The lotus leaf effect also inspired a biomedical application developed by the Instrument Technology Research Center of the National Applied Research Laboratories of Taiwan in the form of a liquid-drop centering function within an intra-chip diagnosis unit. The incorporation of a concentric series of progressively changing micro-textured regions provides the facility with which blood, plasma, medication or other fluid may be spatially positioned for examination or treatment in automatic analysis processes.

Another equally revolutionary bio-inspired product arose from the study of Arctic species of fish. They exist in sea-water at temperatures that are below zero Celsius. To prevent the water within their own systems from forming ice crystals, such animals have evolved specialized proteins in their own blood that are referred to as ice-structuring proteins (ISPs).10 These proteins inhibit the formation of ice crystals from pure water in temperatures at which water would normally freeze. Unilever scientists have harvested the analog of this polar fish ISP from specially processed yeast and are developing it for use in some of their commercially marketed ice cream products to improve its transportability and texture.

The practice of designing and developing applications for optical functions through bio-inspiration has gained considerable momentum in the last decade. This arose from the realization that biological systems have evolved distinctive advantageous methods to manipulate the propagation of light and color. The rapid growth of the field of technological photonics from the early 1990s emphatically helped to establish an awareness and appreciation of the nature and extent of the photonics-based designs that are to be found among biological systems.11

The field of photonics is founded on the principles by which electromagnetic radiation may be manipulated strongly when it interacts with periodic variations in refractive index. Simple systems, such as grooves on a compact disc or antireflection coatings on spectacle lenses, are unsophisticated examples of this. In these examples, spectral colors are observed due to the diffractive effect of compact discs' grooves, while colored reflection is observed from lenses due to interference in their multilayer coating. This form of color generation is distinctly different from that produced by light absorption in pigments or dyes. The latter is produced by chromophores; these are pigments which selectively absorb some wavelengths while scattering others. Photonic systems, conversely, manipulate light directly by coherent scattering.12 This allows some bands of wavelength to propagate through the system in question while preventing others. Those bands that are inhibited from propagating are reflected, creating or contributing to the system's colored appearance. Common examples of this are the blue feathers on a peacock, or the silver scales on some fish.

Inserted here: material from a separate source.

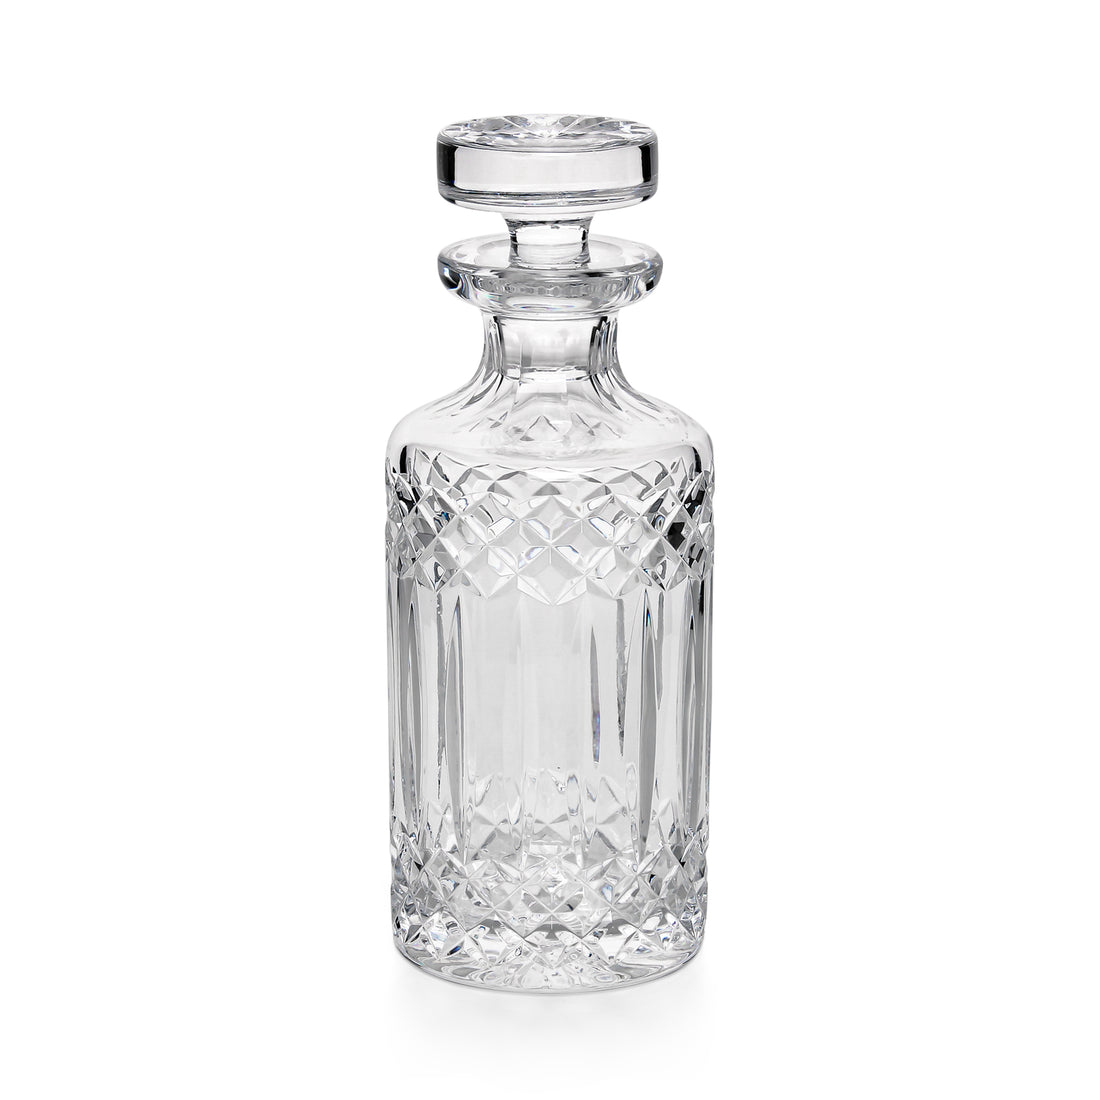 WATERFORD Crystal Spirits Decanter

In certain animal and plant species, photonic-based colored appearances, namely those associated with the presence of arrays of periodic micro- and nano-structure, are very highly evolved. They offer the host animal or plant distinct selection advantages in aspects of intraspecific communication, crypsis from or for predation, light collection and in enhancing the working function of visual systems.11 Many of these systems have been very well investigated and characterized.13 Among these are the systems responsible for the brilliant blue iridescent color of Morpho butterflies (Figure 5a); the highly reflective colored feathers of some hummingbird feathers; the ultra-bright whiteness of certain beetle scales; the calcitic microlensing that adorns the tentacles of some brittlestars and the extremely efficient fluorescent scales that cover some Papilio butterflies. The physical mechanisms underpinning highly efficient light collection in biological systems, many associated with those of animal eyes, also have been the subject of detailed study. Many different and distinctive naturally evolved designs for manipulating light and color have been discovered in the course of these studies. Their common theme is frequently the degree to which they have been optimized for their various intended purposes. Since their discoveries, their designs have inspired and continue to inspire specific optical, photonic, biomedical, industrial and more general appearance-related applications.

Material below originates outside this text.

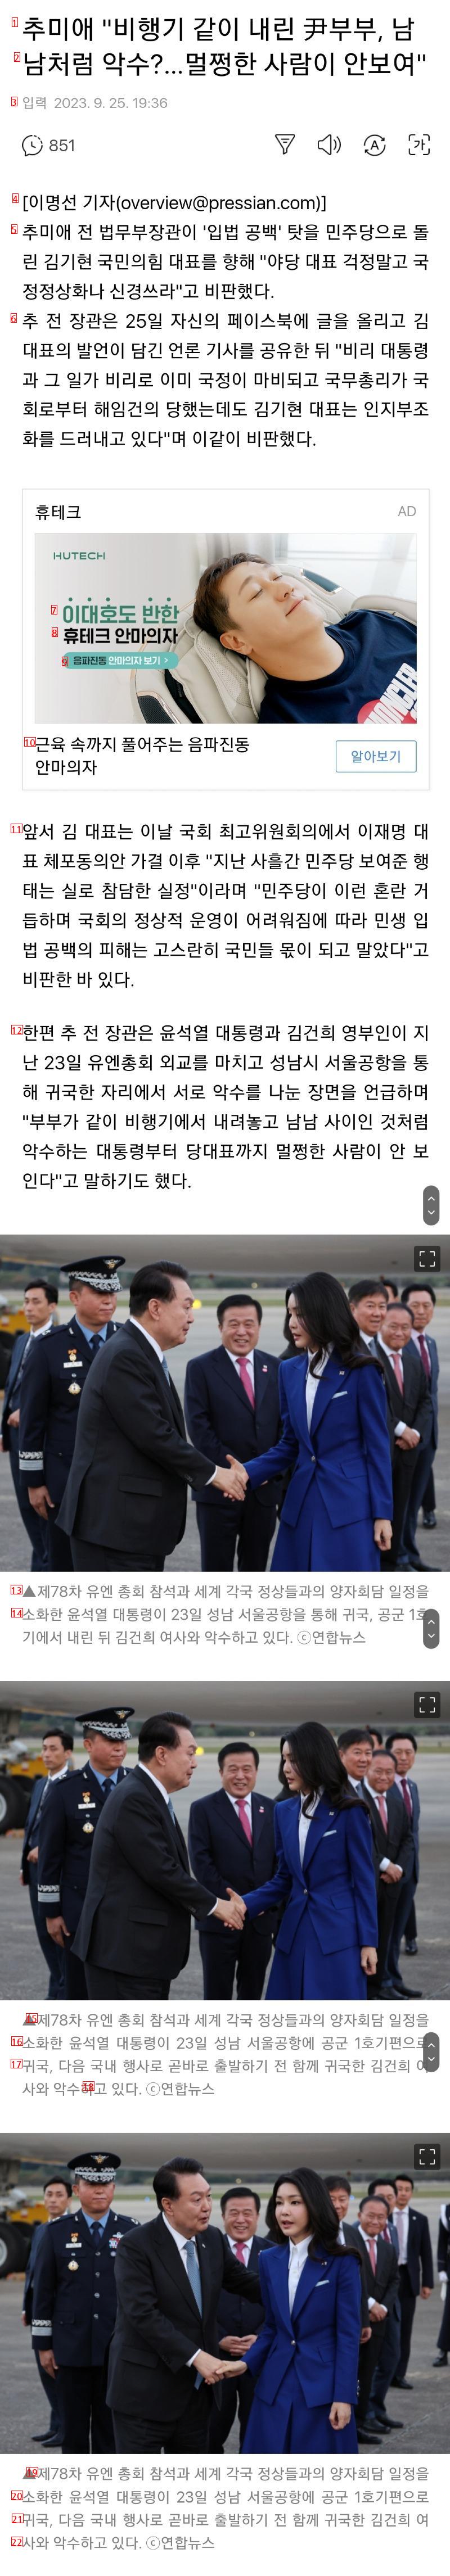 Choo Mi-ae shakes hands like a man between a 尹 couple who got off a plane together...A normal person doesn't

Take, for instance, the bright iridescent color of Morpho butterflies (Figure 5a). Several detailed investigations revealed that their intense hues and remarkable conspicuousness is the result of a discretized series of highly layered coherent scattering structures that cover the scales which imbricate their wings (Figure 5b). The nature of the layered structure and the ridging into which it is distributed (Figure 5c) produces not only bright iridescence, but concurrently enhances the creature's angular visibility.14 This angular visibility is enhanced still further in some other Morpho species by the presence of an additional layer of surface scales that cover those which brightly reflect blue wavelengths. These surface scales' ridges act as efficient diffracting elements that serve to broaden their reflected light cone still further in angle. They render a much more diffuse appearance to the entire wing.14

Figure 5. The highly conspicuous blue-colored appearance of Morpho butterflies (M. rhetenor pictured here) arises due to coherent scattering of light within periodic nano- and micron-sized features on and within the creatures' wing scales. This form of color production offers much more control over the flow of light and color associated with its appearance and patterning. Scanning and transmission electron microscopy images are shown in b) of two neighboring wing scales and c) a small cross-sectional region through one wing scale. [Scale bars: a)1.5 cm b) 50 μm and c) 1 μm]

Significant efforts have been directed toward understanding the scale structure photonic protocols in Morpho and other butterflies. The results of some of these have been used to inspire the design of successful commercial products. Two of these, especially, are prominent in the field of bio-inspired optics. MorphoTex is a high-end fashion fabric, whose fibers' design is attributed to inspiration from the Morpho butterfly. It was designed and is marketed by the Teijin Corporation of Japan. MorphoTex fibers comprise a particularly ingenious periodic variation in the refractive index of their interior, which in turn gives them an iridescent color effect. When they are woven together, this structural color dominates the appearance-aesthetic of the whole fabric and offers an additional self-cleaning property that is modeled on the lotus leaf effect.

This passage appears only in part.